I know we’ve moved on, but I’m late to the party, as usual. However, McArdle should not hold up TennCare as an example of a single-payer system (which is what Ezra was talking about, no?), or as an example of people using the health care system more if it’s free. TennCare became so expensive because it dealt with many, many insurers, and each one tried to milk the system for as much as it could. It wasn’t that health care per se became more expensive. Basically, Tennessee went from a single-payer system (Medicaid) to a third-party payer system, so all the insurance cos. had to get their share of the pie. The insured actually ended up getting less medical care, because now they had a third party telling them they didn’t need it.
Delete it and publish his home address, phone number, junior high school transcripts, and shoe size! Accuse him of hating the troops and release a colony of rabid squirrels into his living room!

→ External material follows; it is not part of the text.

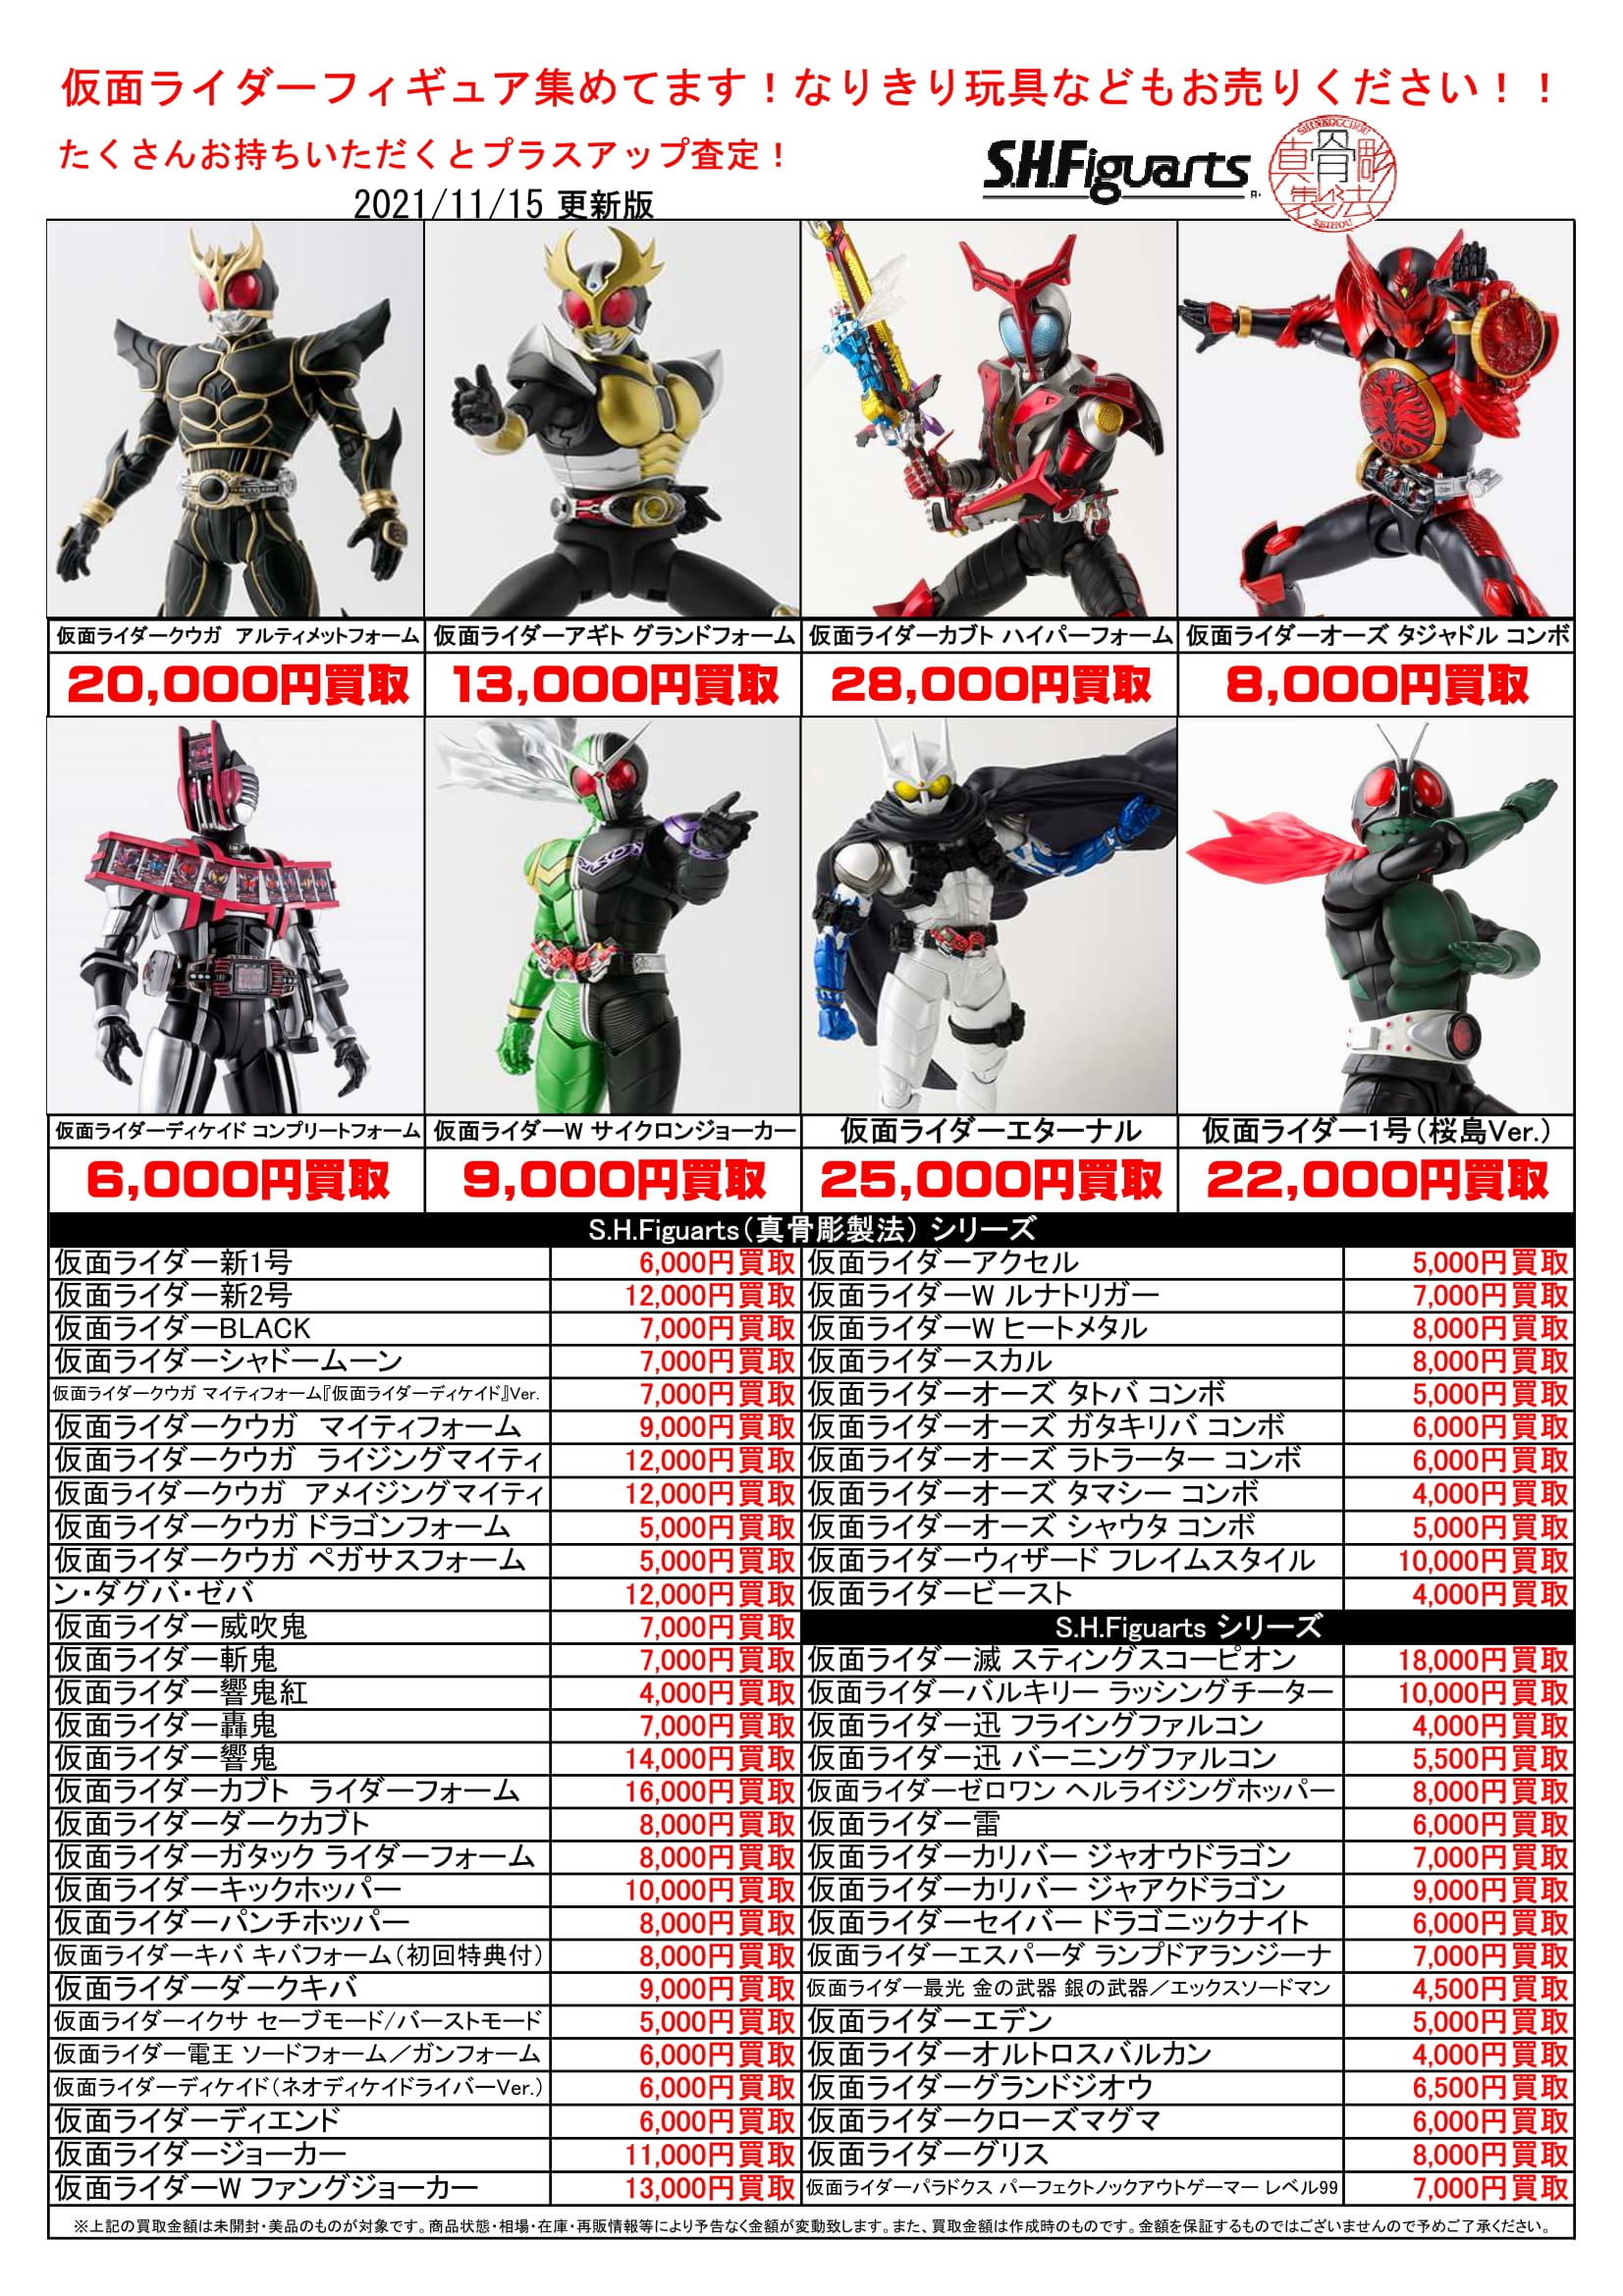 11/16☆仮面ライダーS.H.フィギュアーツの買取価格最新版です

Camp out on his lawn and send him insulting illiterate emails! Attack! Attack! Attack!
Ooooh! Ooooh! But is it time to release the Bengal cat horde? They’ve been sharpening their claws (painting them, too) and practicing yakking up huge digusting hairballs on demand. I think they’re ready.
And any one of those twenty pound males could easily just totally RUIN a person’s bike commute to ‘work.’ Not they would because that would be wrong, and we’ve talked about doing things that are wrong, haven’t we, Bengal Cat Horde? *Bengal cats roll eyes, examine newly painted claws, grumble amongst themselves, exchange best practices of rabid skwerl evisceration*
Well, I think they’re as ready as they’ll ever be. As long as the required action does not occur during union-regulated Nap Periods, we should be good to go. Oh, and meal times are bad, too. And when we’re honing our killing skills on Teh Flying Toy–that’s not a good time. Seriously, though: if someone drops a bouncy jingle ball in here, I’m afraid we’re going to lose all unit cohesion and effectiveness. So don’t even jingle your keys while you’re thinking, OK?
Listening to wingnuts talk about health care is like…
… listening to my dog whine while I blog. He can’t read, he wouldn’t care about Teh Issues if he *could* read, and meanwhile, there are stinks to sniff, shiny stuff to run after, and disgusting concoctions (some of them organic!) to eat and puke and re-eat…
I just wish Regnery would give my dog a large advance on his book, Boo, Long Word Stuff! Yay, Barking at Squirrels, Falling Leaves, and Heavily Loaded Trucks!! : Why Moonbats’ Obsession with “Reality” Leaves Them Incapable of Appreciating the IslamoImmigrantFascist Terrorist Threat Against America!!! I would even ghostwrite said book, if the advance were large enough, and it would be every bit as logical as anything that’s ever appeared under Jonah’s name, plus a lot better spelled.
This is like Christmas, my birthday, and St. Patrick’s day all rolled up into one for me! Jonah is really going to try to make the argument that the Nazis were socialists? Like I said before, anyone impressed by this argument is an adult who still finds the joke “If olive oil is made from olives, what is baby oil made from” to be exceptionally funny.
Ha ha ha ha ha ha ha!
Of course liberals don’t think it’s funny because they have no sense of humor. You don’t get Mallard Fillmore, which is as funny as my drinking buddy Jake who gets really drunk and repeats Rush Limbaugh’s jokes.
Liberals. Hmf.
Who wooda thought Megan knew any Cheap Trick lyrics?